**Data segment:**
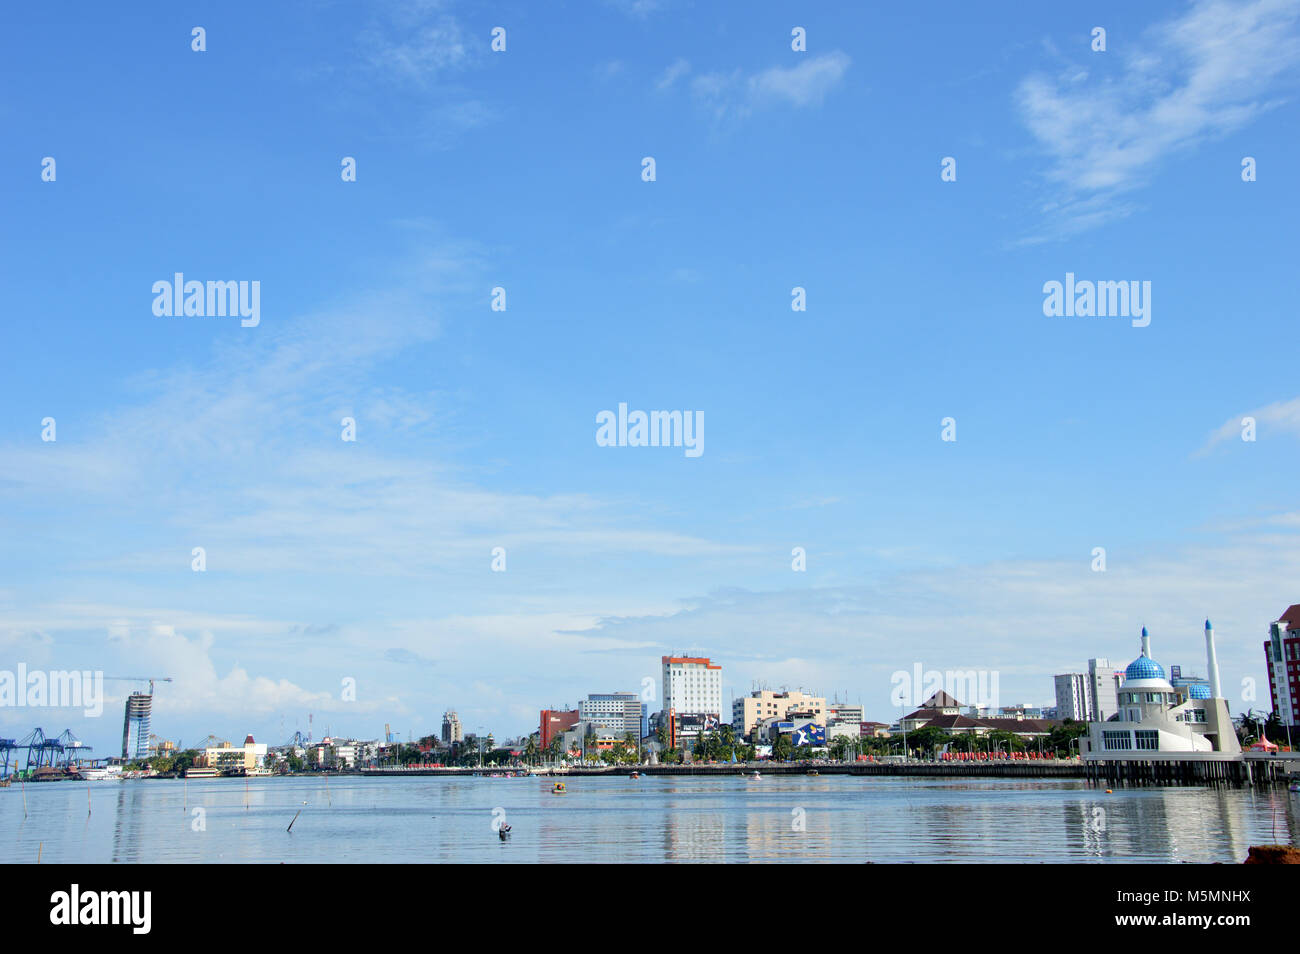 Losari Beach the city icon of Makassar Stock Photo - Alamy
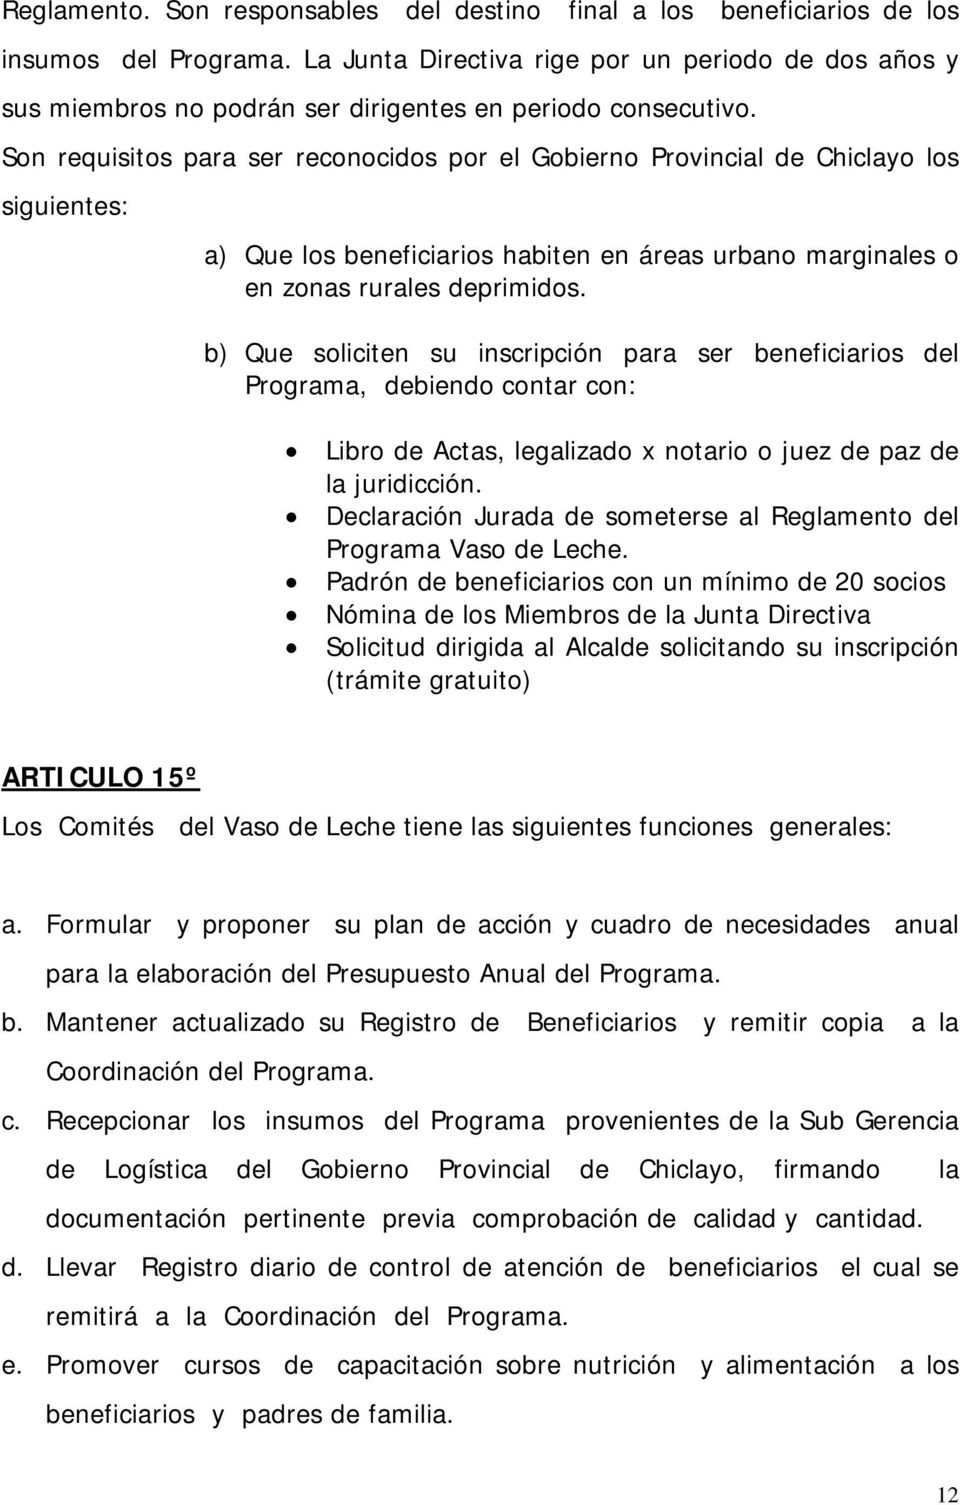 Son requisitos para ser reconocidos por el Gobierno Provincial de Chiclayo los siguientes: a) Que los beneficiarios habiten en áreas urbano marginales o en zonas rurales deprimidos.
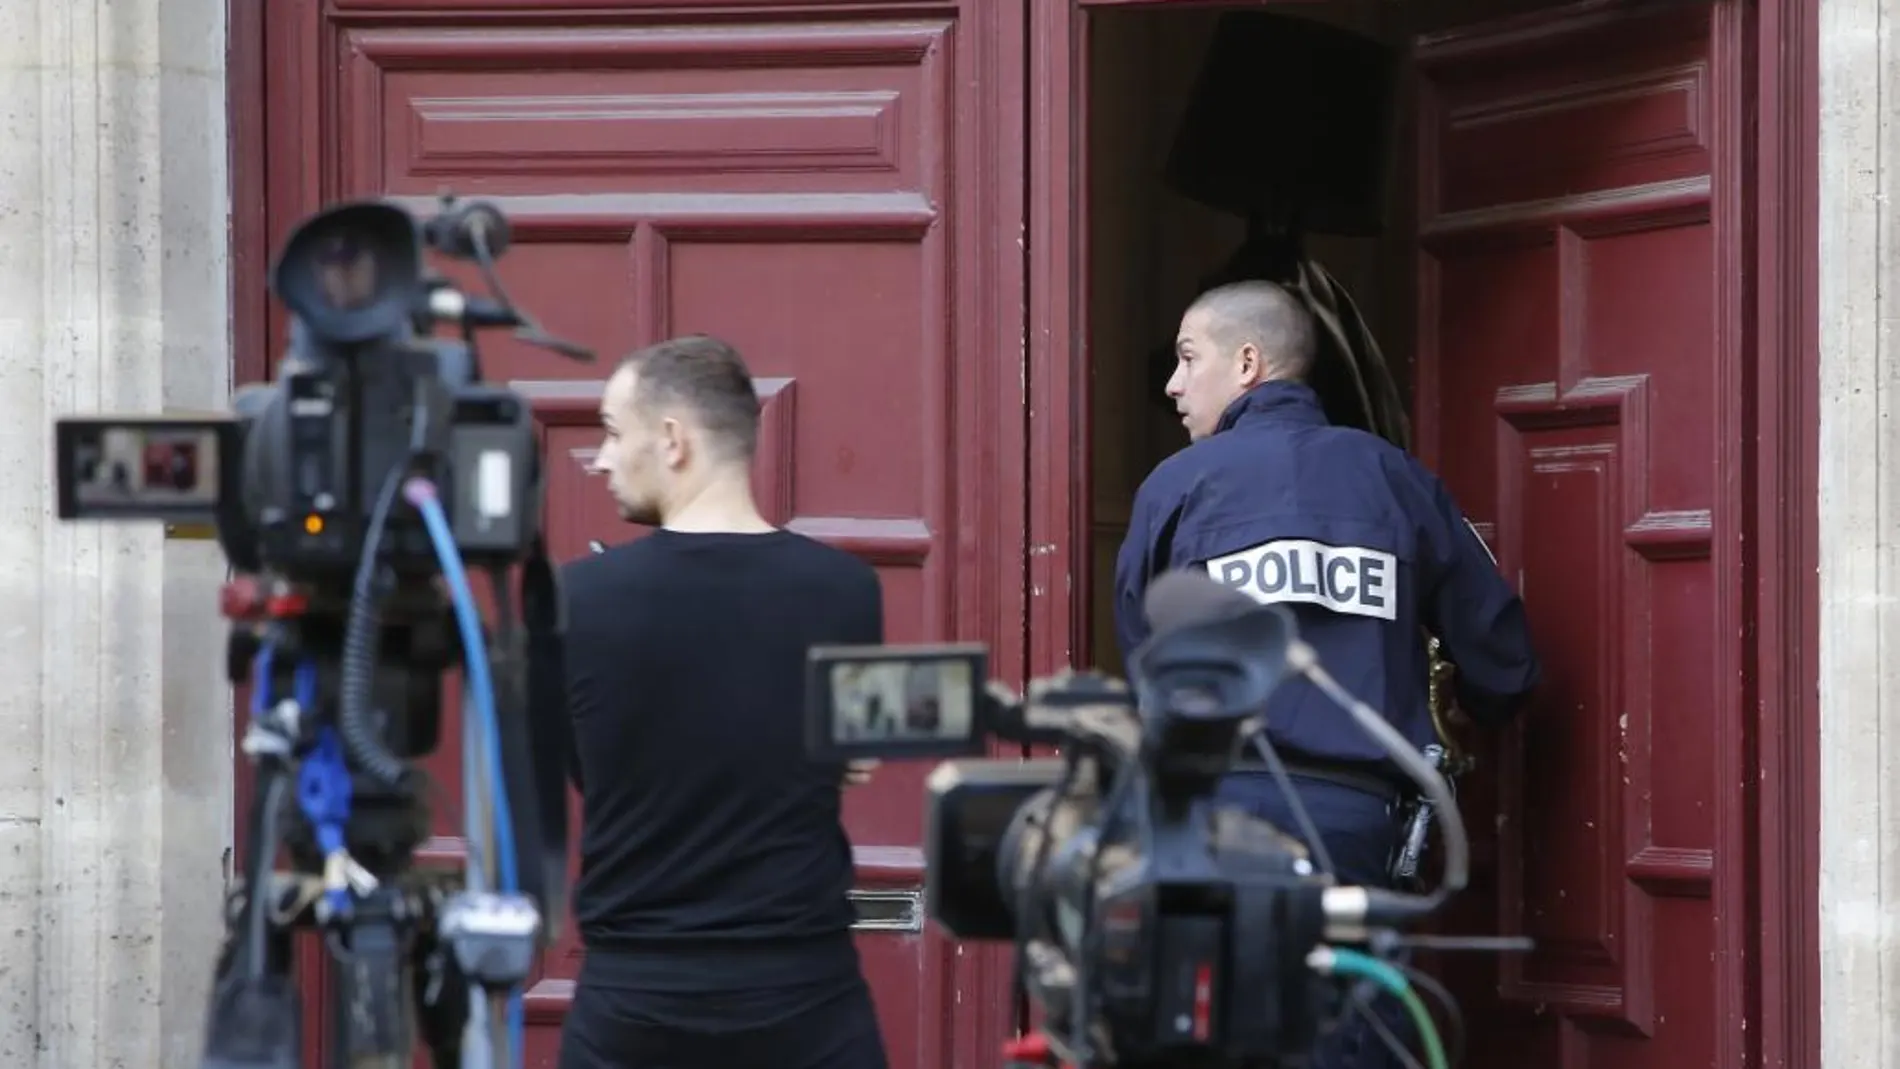 Una gente entra en la residencia de Kim Kardashian en Paris.
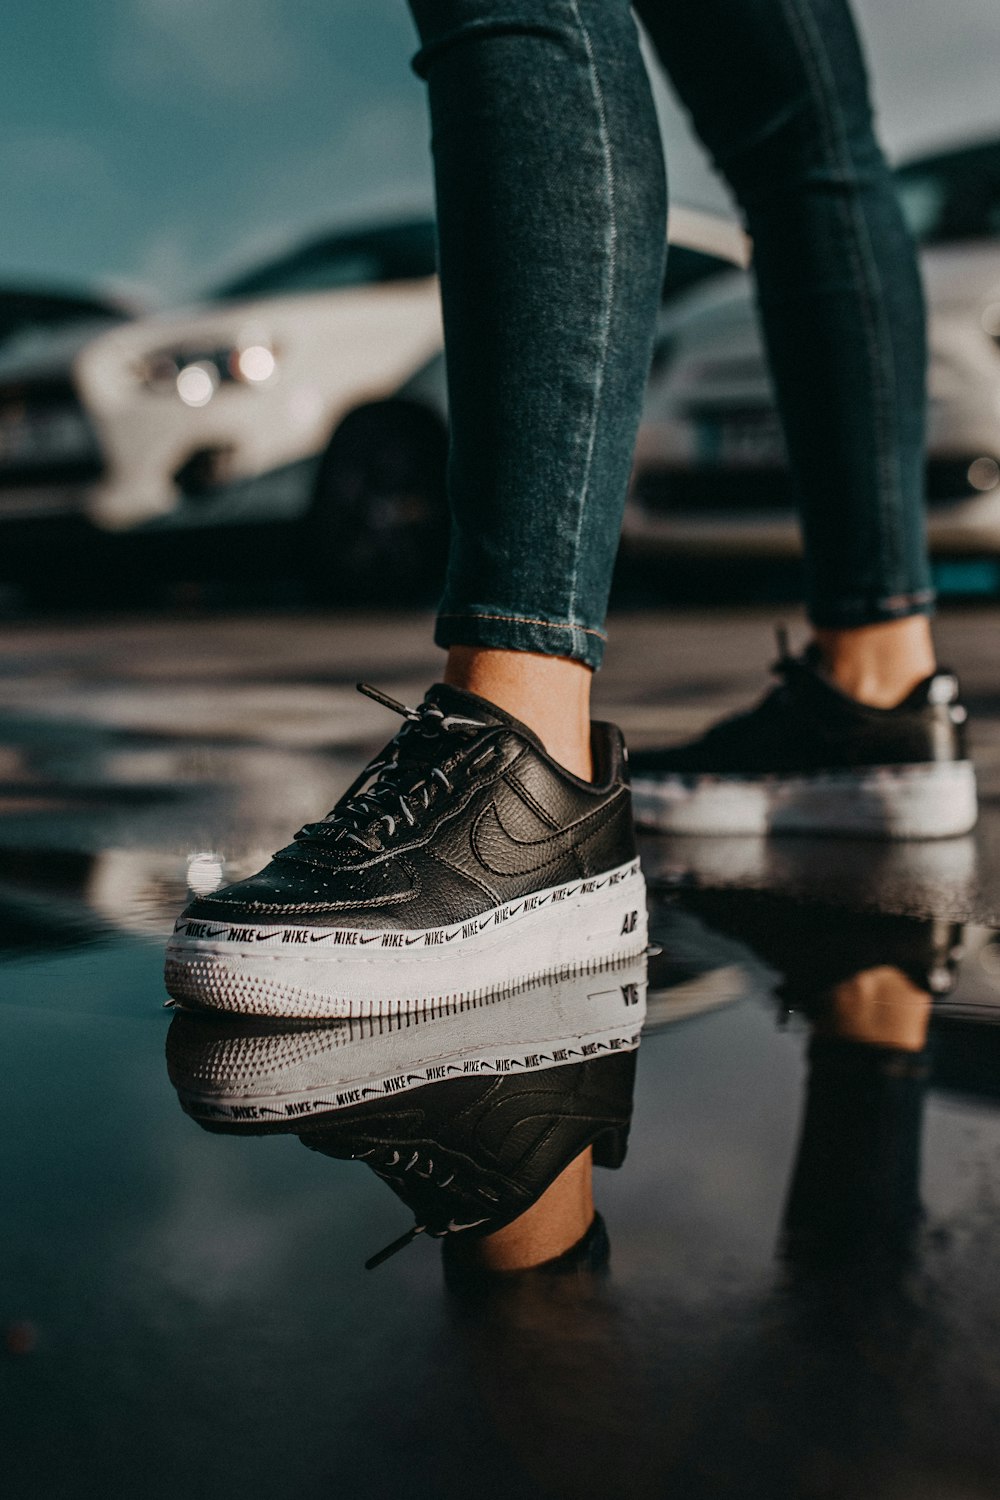 Foto Persona con zapatillas nike negras – Imagen Nike gratis en Unsplash

**Task statement:**
Once the pictures are set aside, the remaining data must be transcribed exactly.

**Finished task:**
 Losari Beach the city icon of Makassar Stock Photo - Alamy
 Son requisitos para ser reconocidos por el Gobierno Provincial de Chiclayo los siguientes: a) Que los beneficiarios habiten en áreas urbano marginales o en zonas rurales deprimidos.
 Una gente entra en la residencia de Kim Kardashian en Paris.
 Foto Persona con zapatillas nike negras – Imagen Nike gratis en Unsplash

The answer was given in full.